Не хватало в букете лишь золотого бутона, украденного отцом шута,
Чтобы и в самом деле увидела Симара все растения
Рожденные той же землей, какая создала ее, прекраснейшую,
И с тех пор не рождала цветов лучше
Даже в Долине Кристальных Водопадов,
Плодовитой земле вечной весны.
И жег горький гнев сердце Темному Милорду,
И полнилось желчью его иссушенное продолжительной дорогой и зноем горло,
Когда он думал о том,
Что лишился он жены своей,
Как бы ни прятал ее за засовами и цепями,
Скрепленными железными замками и магическими печатями.
Шел колдун дальше по пути,
Проложенному ему знакомыми отпечатками стоп,
А под ногами его шуршали высушенные Солнцем листья,
Которые еще до сошедшего снега не смогла поглотить
Насытившаяся земля.
И воспаленный ревностью ум
Рисовал перед ним похитителя,
Со смехом осыпающего этими листьями Симару,
Плетущего ей венки из полых, сухих урожайных стебельков,
Трясущего деревья в цвету, чтобы оросить ее дождем прозрачных хрупких лепестков,
Готового ей достать с небес холодные звезды,
Чтобы и в предваряющих лето знойных майских днях
Могла ощутить она настоящий лед под ногами и в ладонях.

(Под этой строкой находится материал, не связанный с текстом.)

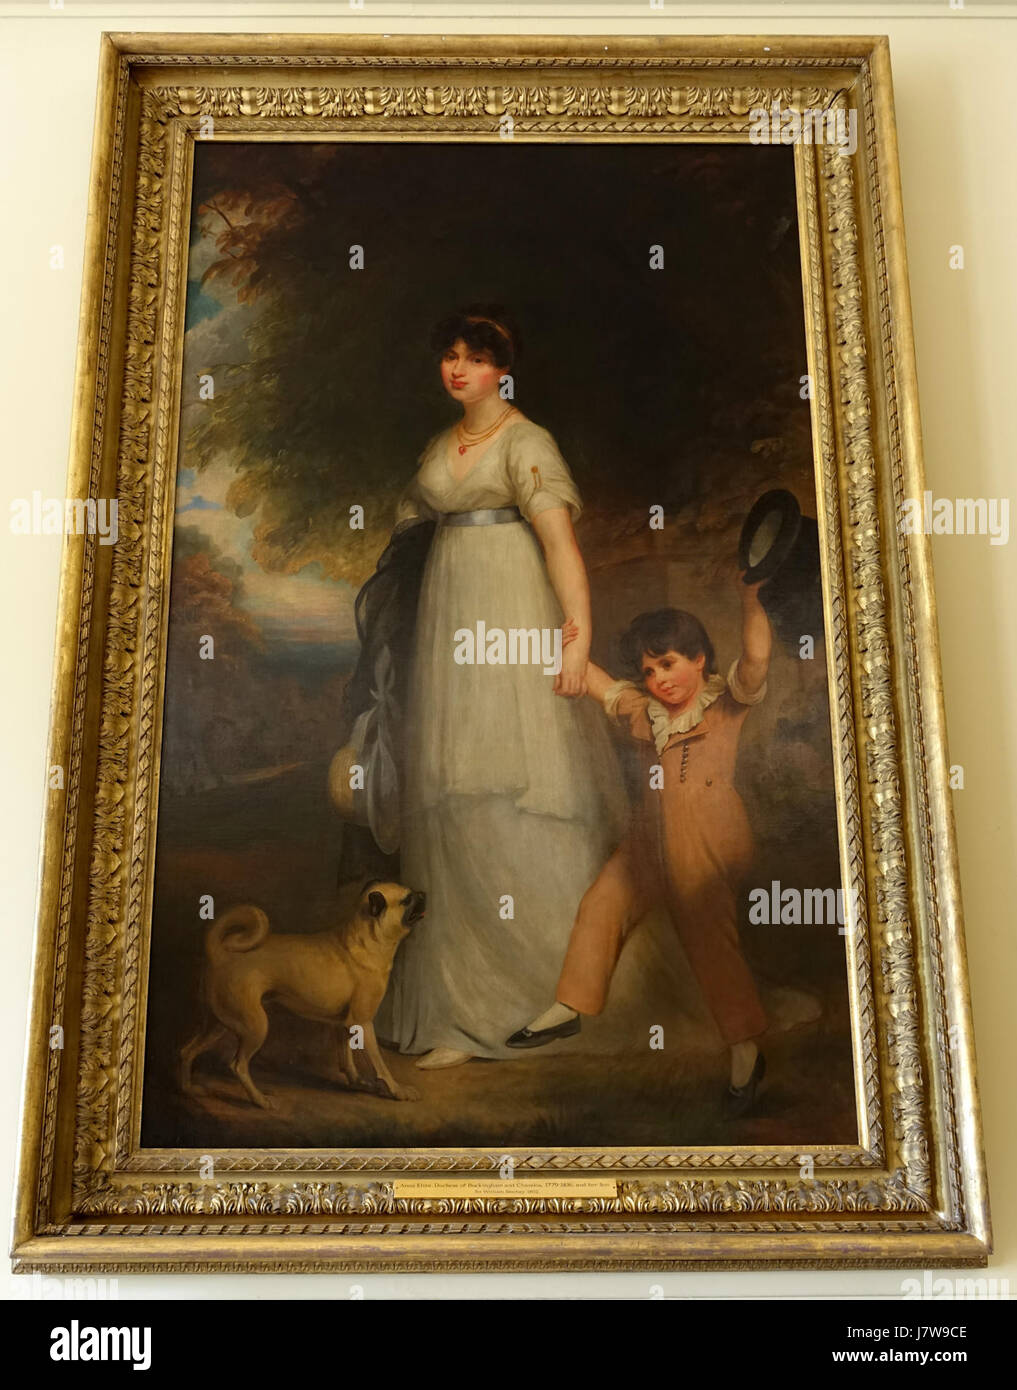 Anna Eliza, Herzogin von Buckingham und Chandos und ihr Sohn, von Sir William Beachey, 1802, Öl auf Leinwand Stowe House Buckinghamshire, England DSC07219 Stockfoto
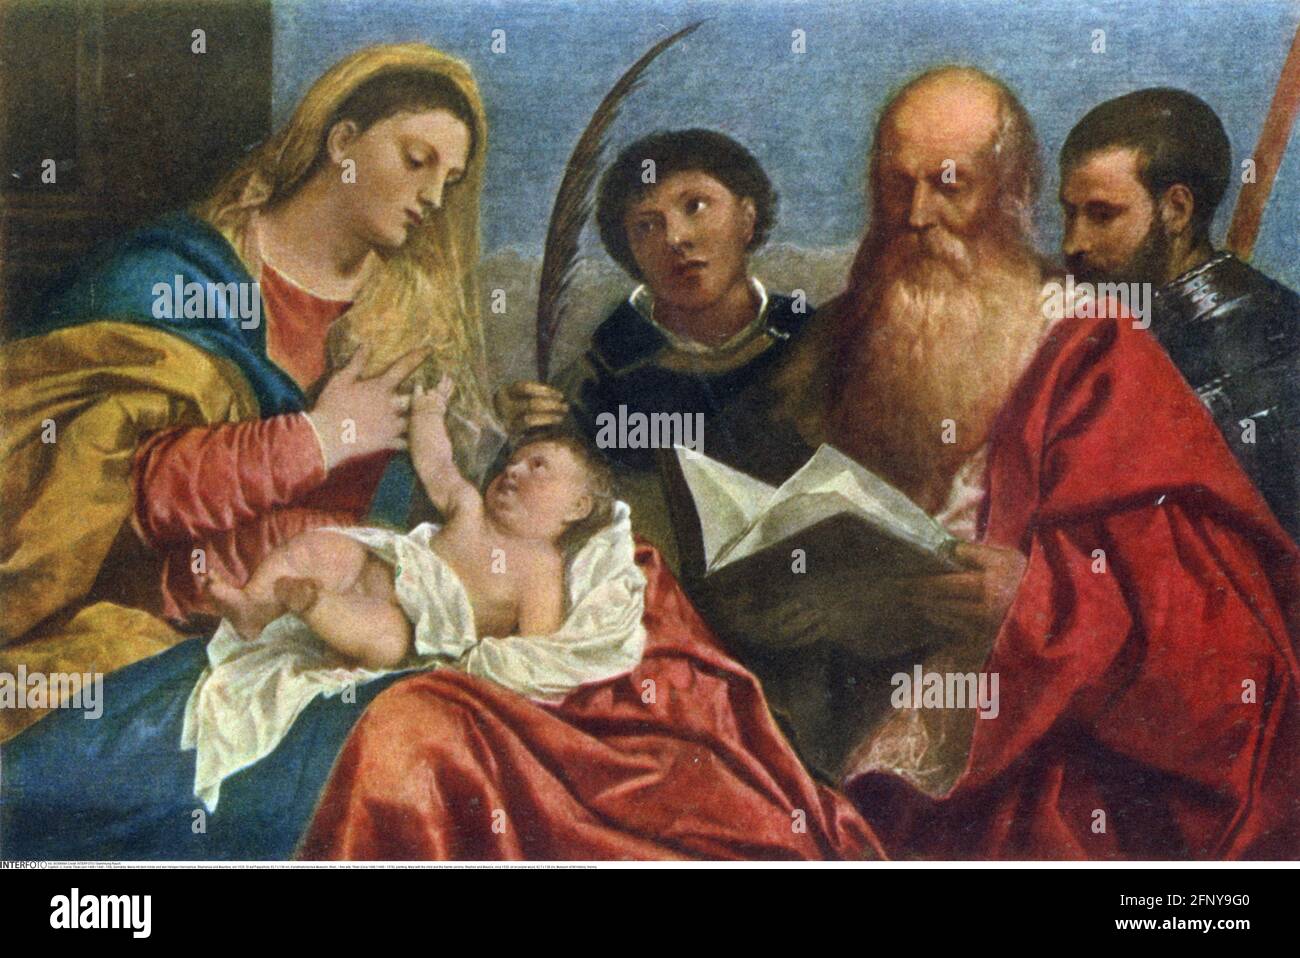 Bellas artes, Tiziano (circa 1488 / 1490 - 1576), pintura, María con el niño y los Santos Jerónimo, LOS DERECHOS DE AUTOR DEL ARTISTA NO TIENEN QUE SER ACLARADOS Foto de stock

И жег горький гнев сердце Темному Милорду,
И полнилось желчью его иссушенное продолжительной дорогой и зноем горло,
Пока размышлял он о том,
Сколько мимолетных счастливых мгновений,
Недоступных ему,
Испытала освобожденная из клетки пташка,
Которой поручил он сидеть под окном в ожидании мужа,
Губами перебирая жемчужинки слез и ноты единственной монотонной скорбной песни.
Шел Темный Милорд дальше,
И сиреневый чародейский плащ его,
Волочась за ним по земле и задевая бутоны и стебли, ронявшие на ткани разноцветную пыльцу,
Наполнявшую чешуйки и половинки округлых зернышек, обволакивавшую ниточки колоса,
Провоцировал сильный ветер.
Рыскали потоки ледяного воздуха в траве,
Ломая стройную траву, проносясь под корнями и ветками,
Чтобы найти следы, оставленные Симарой.
Но вскоре столкнулся холод с теплом,
Жар оказался до того сильным,
Что поглотил ветер, не оставив от него и единой свистящей ноты.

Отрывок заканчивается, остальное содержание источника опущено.